Lutz concluded her piece by saying how:
NBC's Bob Costas referenced Whitlock's column during the Sunday Night Football broadcast and went into his own gun control rant. He stated that tragedies like this give us the opportunity to "put things in perspective." For him, that "perspective" is gun control.
It's not Whitlock and Costas' opinions that offend me. It's the fact that they exploited a tragedy to bring light to their own agendas. Can we please let the families grieve before we decide to politicize what they are going through? Can we turn to prayer instead of politics? In this world, perhaps not anymore. All too often, liberal commentators take gun violence as an opportunity to blame an inanimate object for a human decision. It's all indicative of the decline of personal responsibility in this nation. Perhaps it should not come as a surprise to me anymore, but I'm still offended. Using someone's murder to talk about your personal opinion isn' just wrong, it's downright selfish and disrespectful.
However, we are dealing with, and I'm sure Amy would agree, a core-less group of individuals who lust for such events to advance their political agenda. Sadly, the gun control crowd must have missed the 2000 election where the debate was virtually settled, and conservatives emerged victorious.
Nevertheless, I can't help but think that this foray into the gun control debate is just another liberal ploy to consolidate the women's vote. Women tend to be more sympathetic to curbing our Second Amendment freedoms, thus another slicing of the electorate before the 2014 elections has possibly begun.

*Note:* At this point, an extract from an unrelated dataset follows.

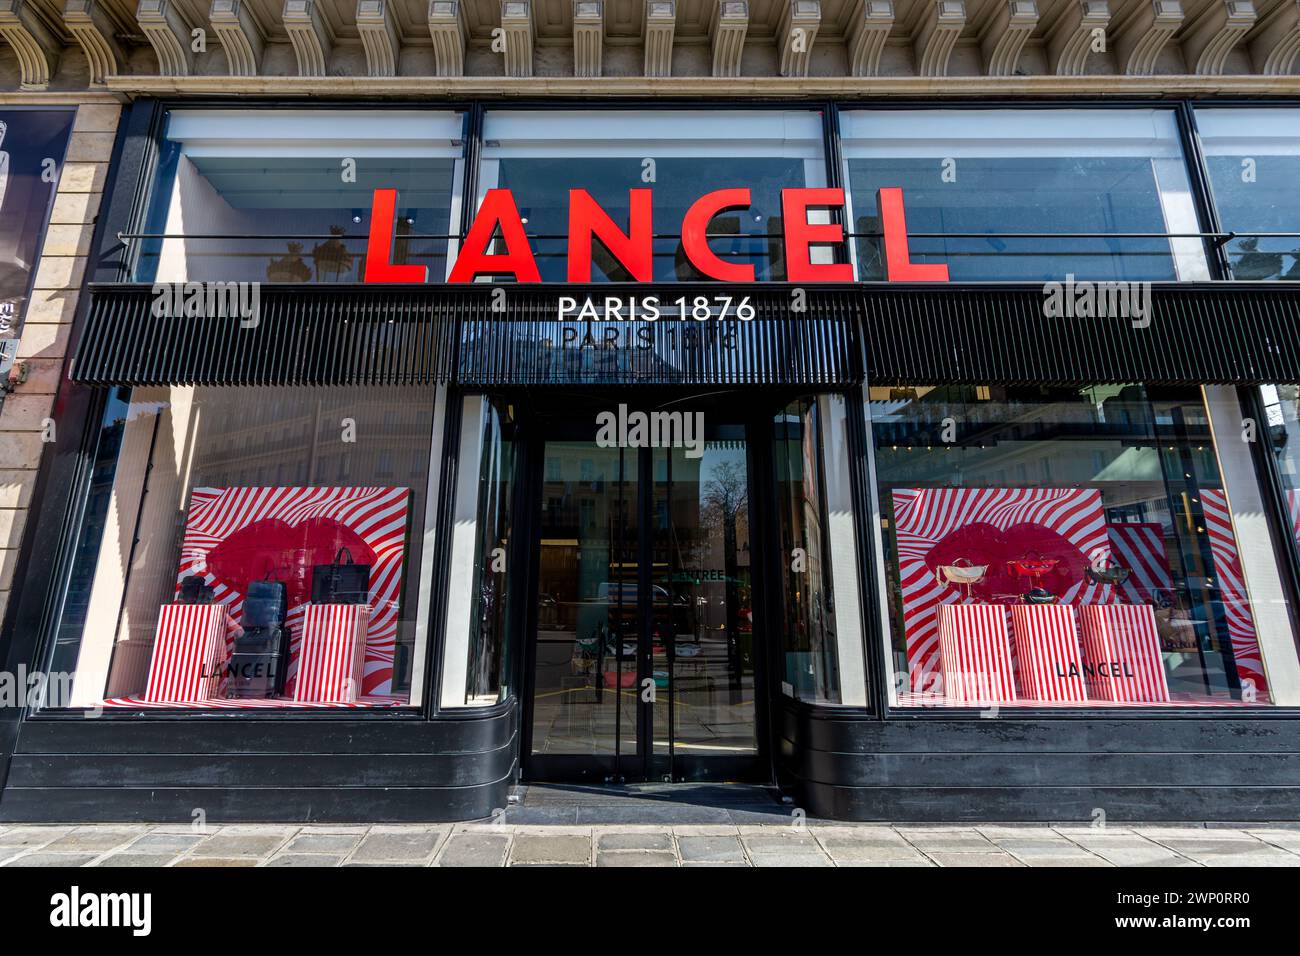 Exterior view of the main Lancel boutique located Place de l'Opéra in Paris. Lancel is a French leather goods company founded in Paris in 1876 Stock Photo

I think conservatives should pray for the families of Belcher and his girlfriend to show that we aren't going to dabble in this sort of depraved behavior to score political points. I'm not worried about the fallout from these two clowns' commentary on guns. The American people are dead-set against tougher gun laws, but that doesn't mean we slack off when it comes to anti-gun representatives in Washington.

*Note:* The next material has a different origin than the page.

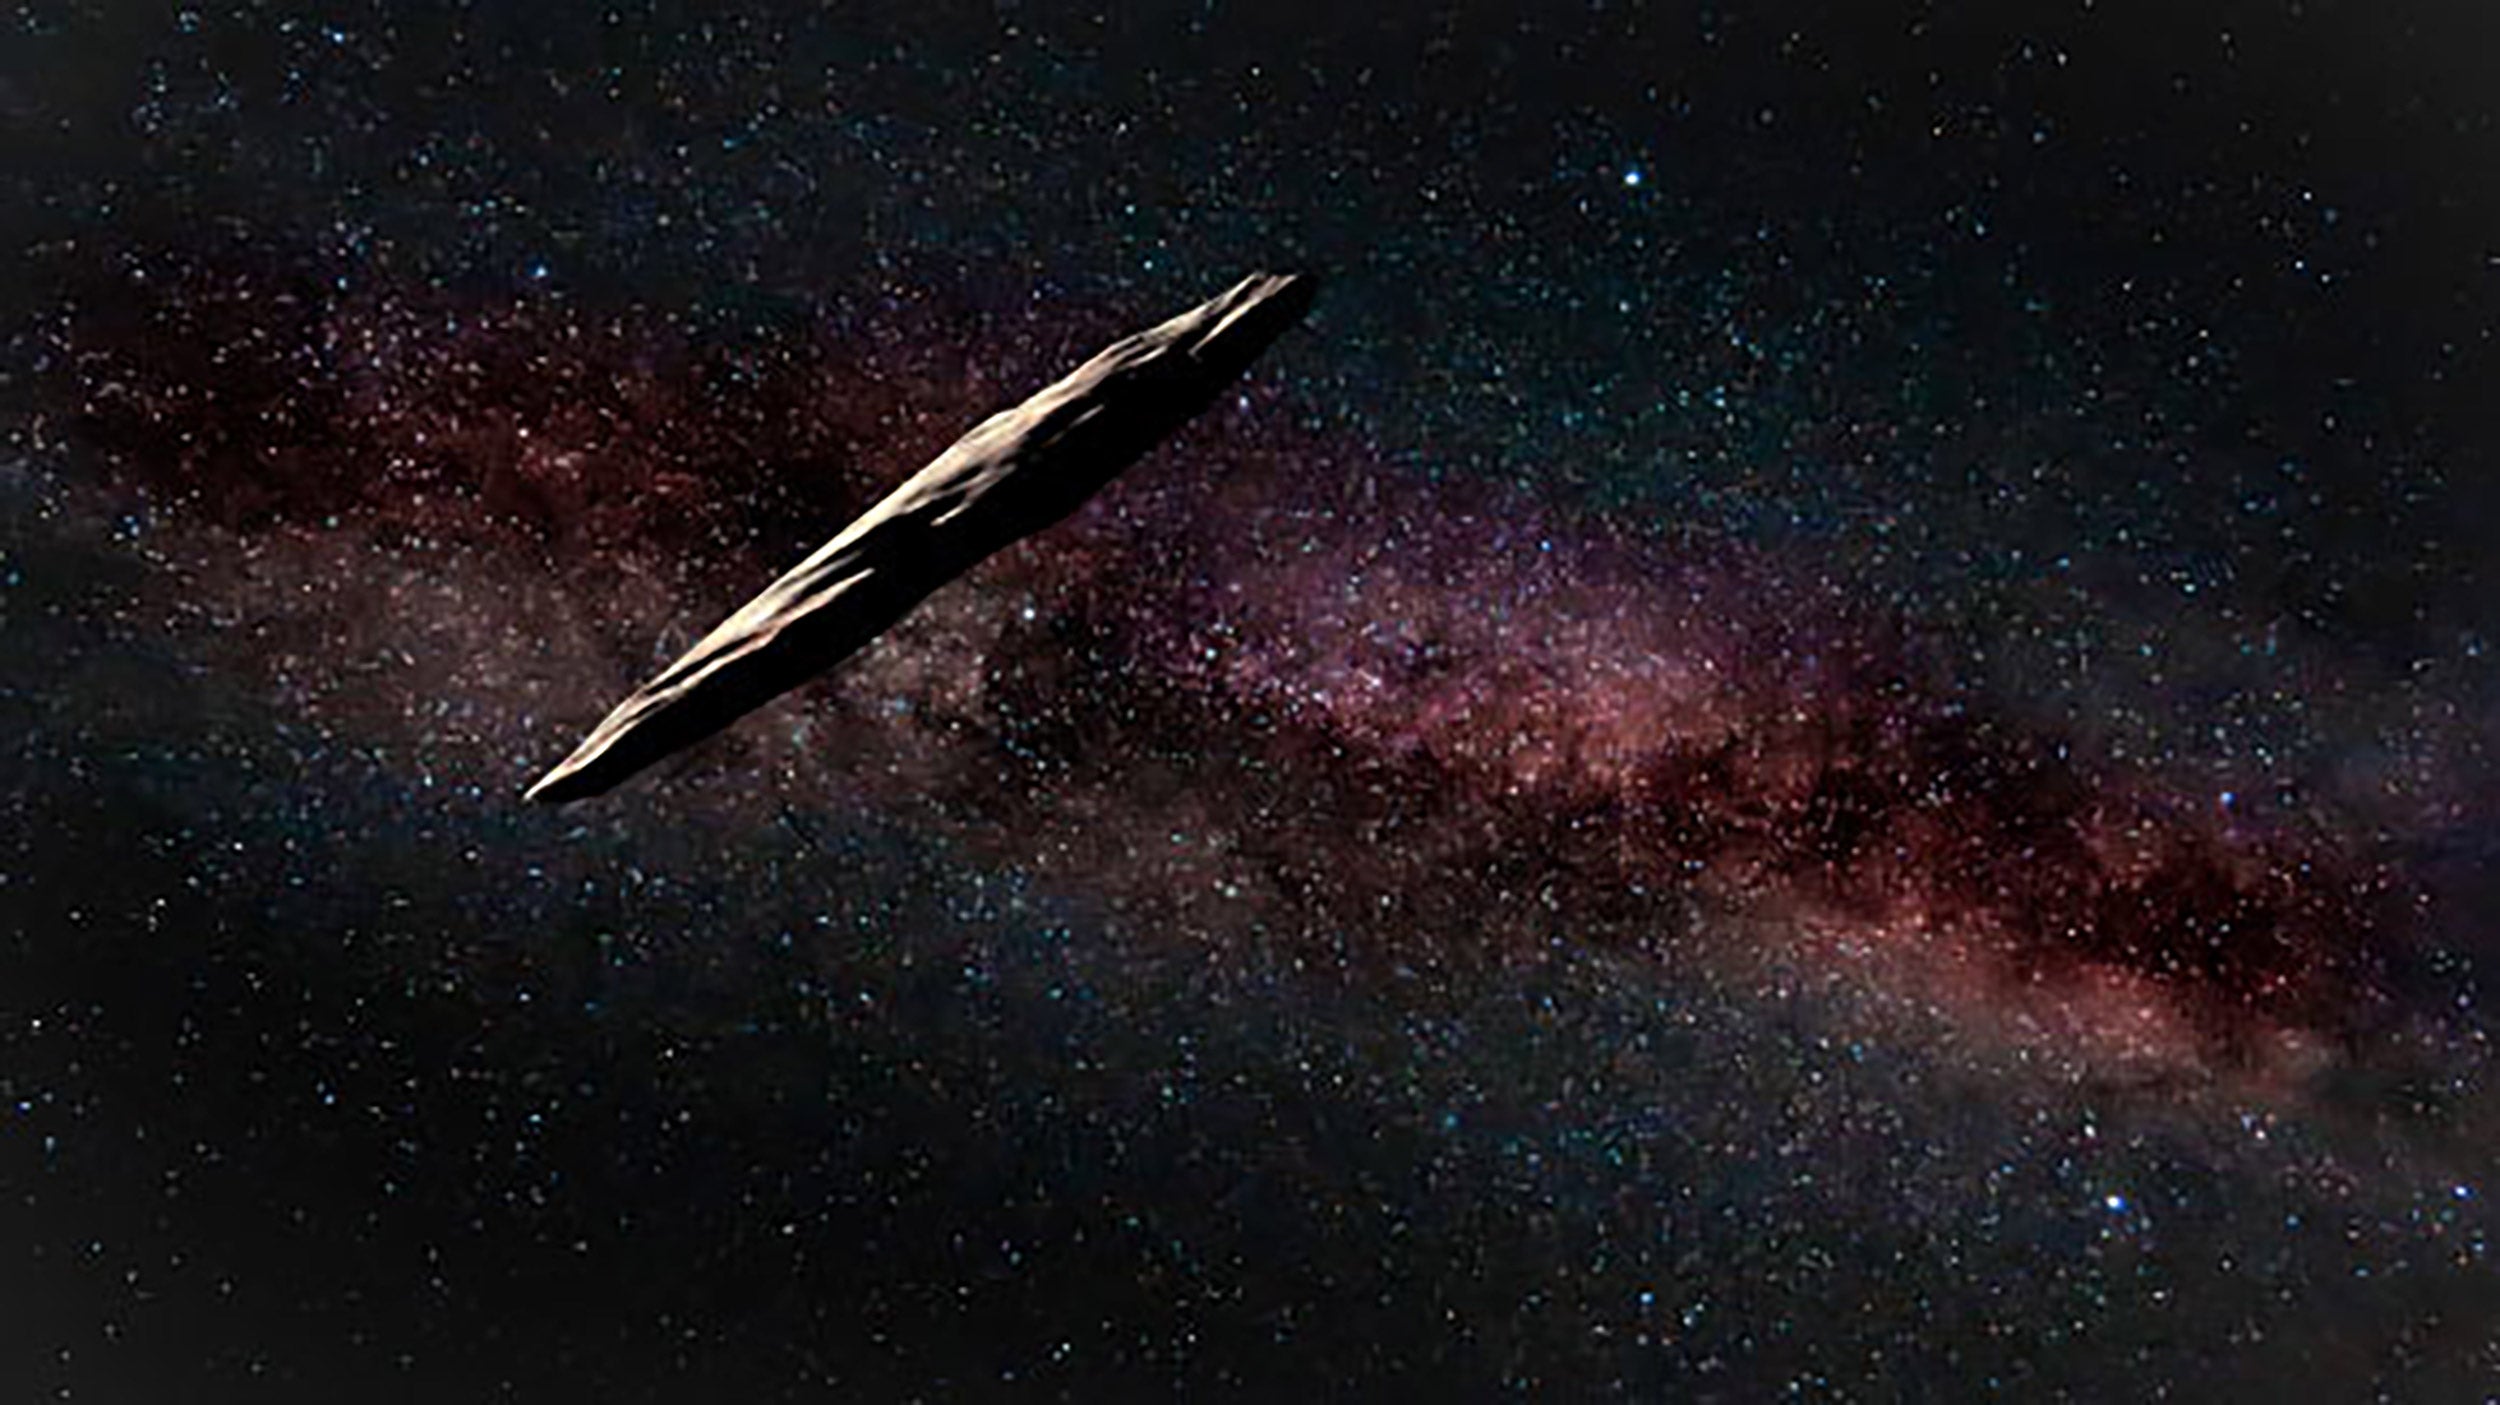 An artist's rendering of 'Oumuamua, a visitor from outside the solar system.

In the meantime, Bob Costas said that his 90 second commentary during halftime last Sunday night was a "mistake."
“My mistake is I left it open for too much miscommunication,” Costas said in a lengthy interview on “The Dan Patrick Show. The 90-second weekly spot, he said, doesn’t offer enough time in which to adequately discuss the issue of “the football culture, the gun culture, domestic violence.”

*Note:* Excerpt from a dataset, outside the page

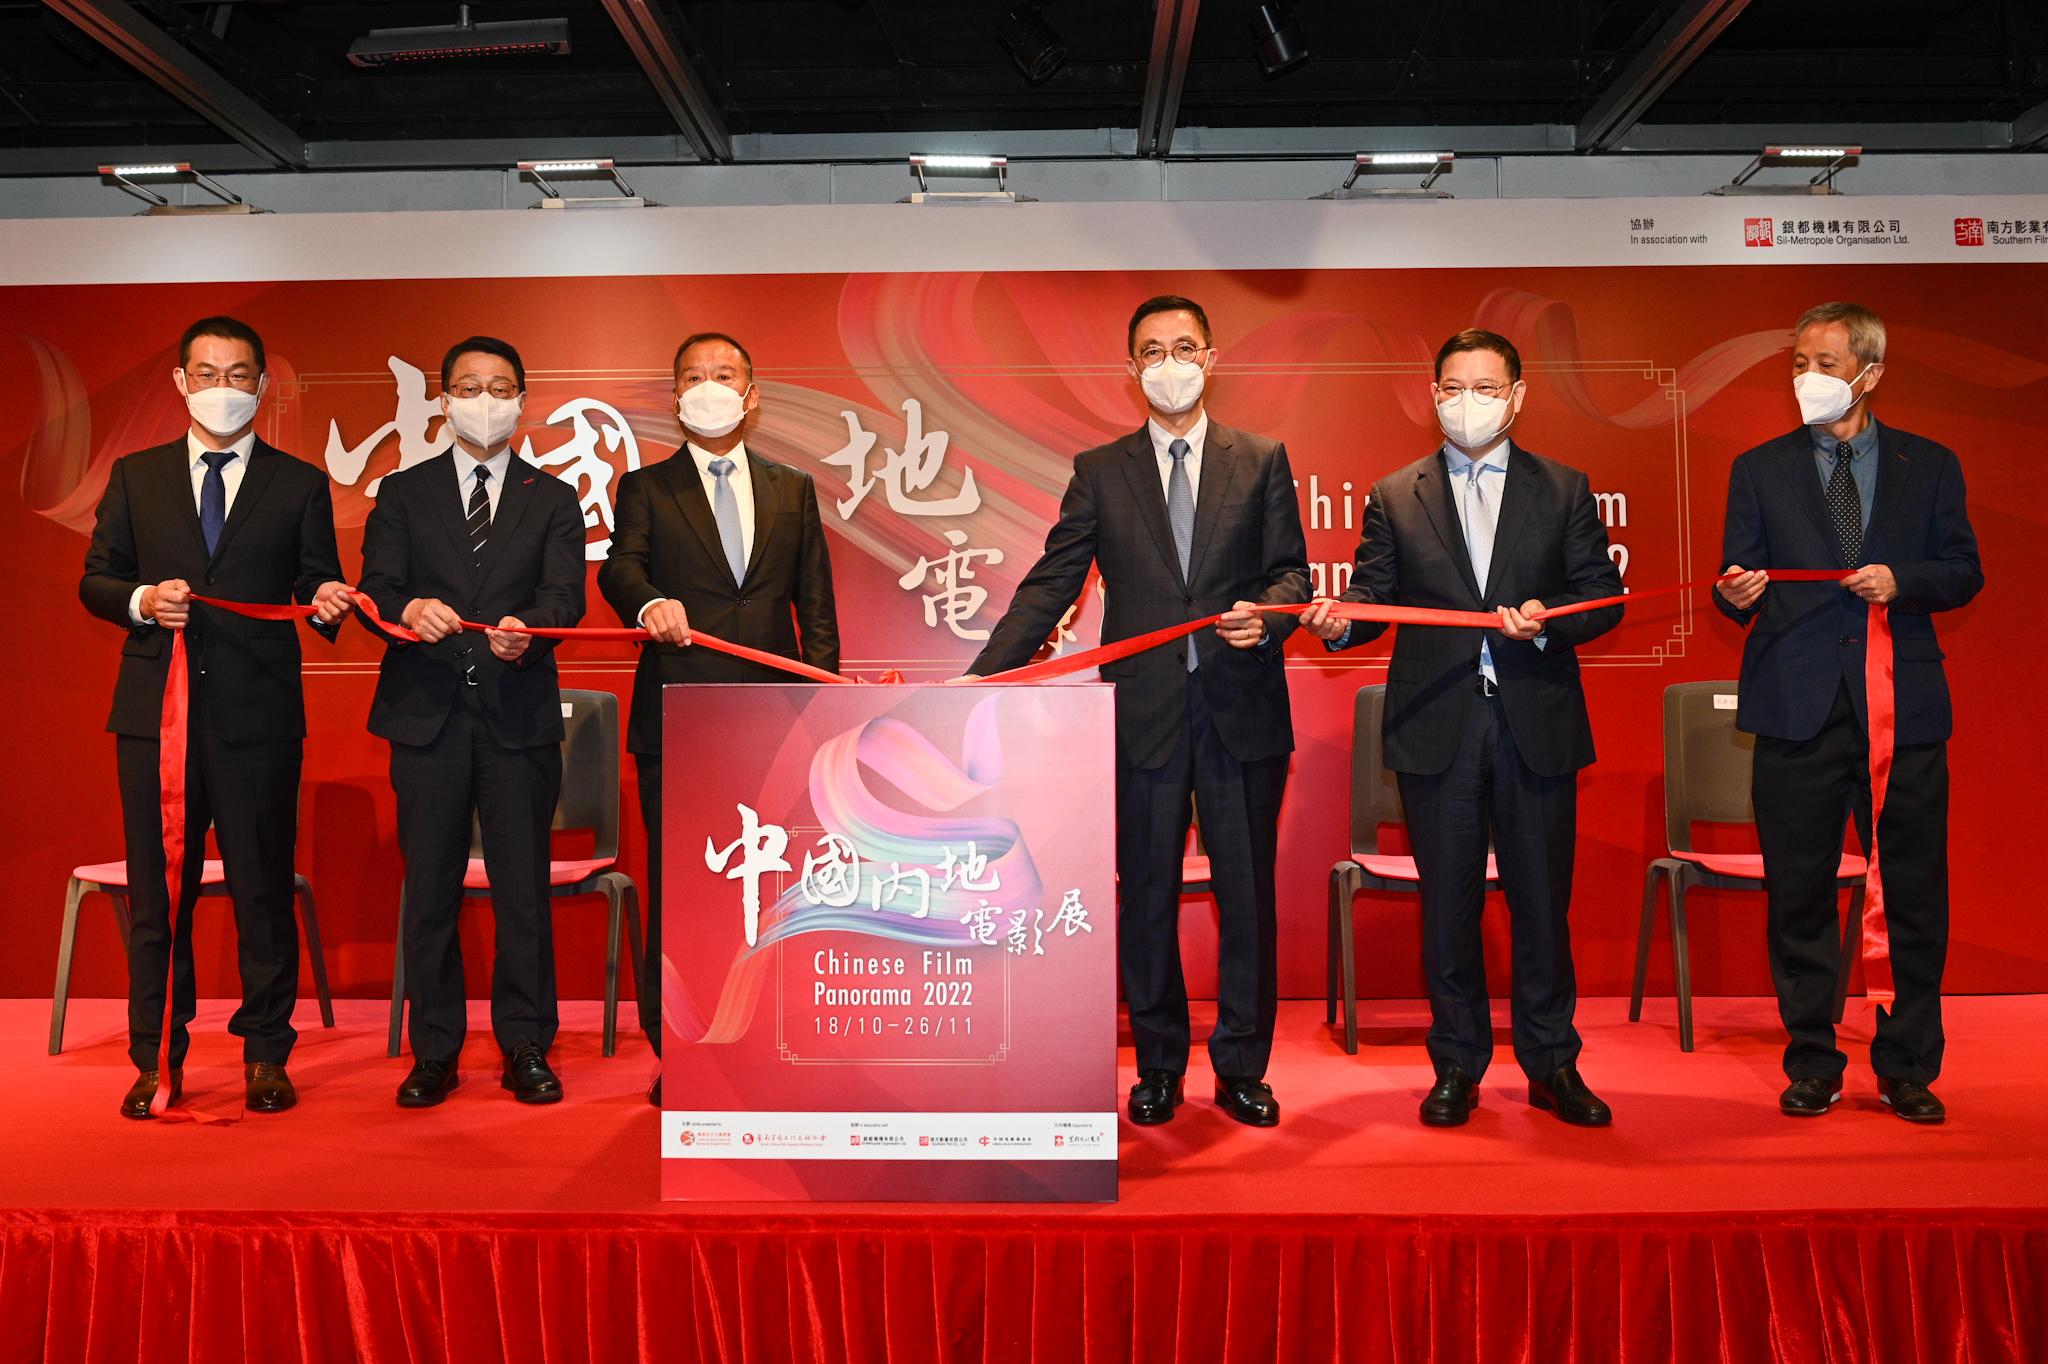 Chinese Film Panorama 2022 opened tonight (October 18) at Hong Kong City Hall. Photo shows the officiating guests at the opening ceremony (from left) the Chairman of Sil-Metropole Organisation Ltd, Mr Ding Kai; the Director of Leisure and Cultural Services, Mr Vincent Liu; Board Member of the Bauhinia Culture Group Mr Wu Baoan; the Secretary for Culture, Sports and Tourism, Mr Kevin Yeung; Deputy Director of the Department of Publicity, Cultural and Sports Affairs of the Liaison Office of the Central People's Government in the Hong Kong Special Administrative Region Mr Zhang Guoyi; and the Chairman of the South China Film Industry Workers Union, Mr Cheung Hong-tat.

Then, why did you open your mouth, Bob? This isn't ABC's This Week. It's Sunday Night Football. The Olbermann-ization of sports is becoming rather absurd, and tragically idiotic. Costas' worst part of his lecture was his insufferable knowingness that "if Jovan Belcher didn’t possess a gun, he and Kasandra Perkins [Belcher's girlfriend] would both be alive today.” Well, that's pure drivel.
Despite the fact that most violence from domestic disturbances comes from someone's hands, what if Belcher didn't have a gun. Belcher would have beaten her, stabbed her, or suffocated her to death. Humans possess a rather macabre sense in how to eliminate one another Yet, that's ok – because a gun isn't involved in any of those egregious scenarios. It's not exciting enough to put to print. That's liberal logic.
Not only should we avoid politicizing these horrible events, sports journalists steer away from the political iceberg, which sunk Keith Olbermann's career. So, Costas and Whitlock, who are temporarily BFFs, let's take a chill pill on the gun rhetoric. It just makes you look like the John Madden of politics.